Malcolm Gladwell, in an article from 1996 discussing the Challenger disaster, tells us:
This kind of disaster is what the Yale University sociologist Charles Perrow has famously called a “normal accident.” By “normal” Perrow does not mean that it is frequent; he means that it is the kind of accident one can expect in the normal functioning of a technologically complex operation. Modern systems, Perrow argues, are made up of thousands of parts, all of which interrelate in ways that are impossible to anticipate. Given that complexity, he says, it is almost inevitable that some combinations of minor failures will eventually amount to something catastrophic.
The description of “modern systems” above reminds me most of modern software systems. And it is true that modern software systems are made of thousands of “parts”, and the way they all interrelate with each other can be impossible to anticipate.
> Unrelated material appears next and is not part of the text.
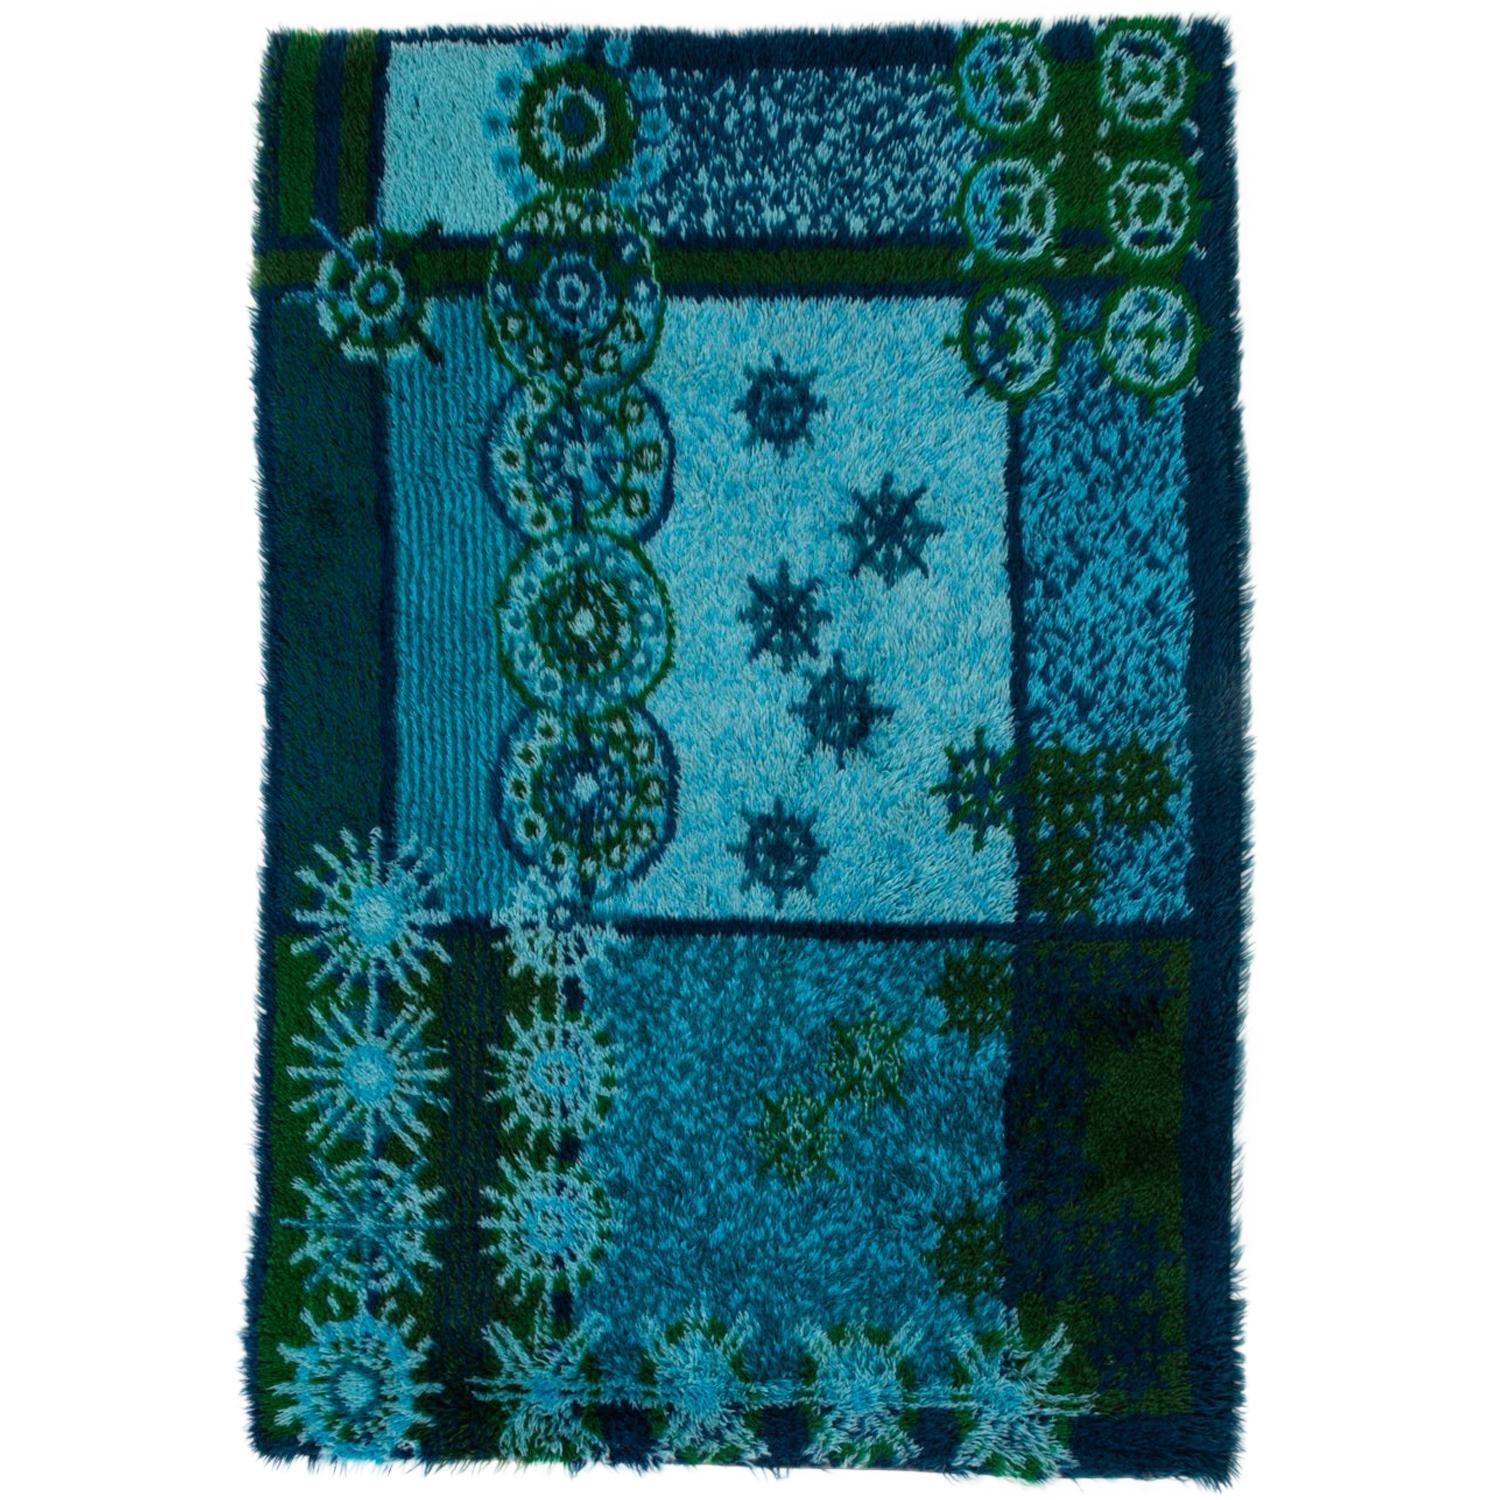 Ege Rya Rug in “Blue Snowflake” Design

This is why software defects are inevitable, especially as system size grows. Once a software system is large enough, there will be no single developer who can see all the details of every operation the software does. While we try to maximize testing scope, we cannot possibly handle every possible combination of thousands of inputs, and we limit ourselves to the most likely cases. This is considered an acceptable risk of software development.
While your critical software bug is not likely to cost millions of dollars to clean up, a lot of what Gladwell discusses in the article can still be applicable to software development.
If software systems can be compared to normal accidents, what else does Gladwell’s article say about such accidents that might be applicable to software systems? Later on Gladwell tells us about risk homeostasis:
There is another way to look at this problem, and that is from the standpoint of how human beings handle risk. One of the assumptions behind the modern disaster ritual is that when a risk can be identified and eliminated a system can be made safer. The new booster joints on the shuttle, for example, are so much better than the old ones that the over-all chances of a Challenger-style accident’s ever happening again must be lower-right? This is such a straightforward idea that questioning it seems almost impossible. But that is just what another group of scholars has done, under what is called the theory of “risk homeostasis.” It should be said that within the academic community there are huge debates over how widely the theory of risk homeostasis can and should be applied. But the basic idea, which has been laid out brilliantly by the Canadian psychologist Gerald Wilde in his book “Target Risk,” is quite simple: under certain circumstances, changes that appear to make a system or an organization safer in fact don’t. Why? Because human beings have a seemingly fundamental tendency to compensate for lower risks in one area by taking greater risks in another.
Risk management is a big part of software development, especially as projects grow larger. We need to be careful that we are evaluating the collective risks on a project accurately and not just trading one set of risks for another.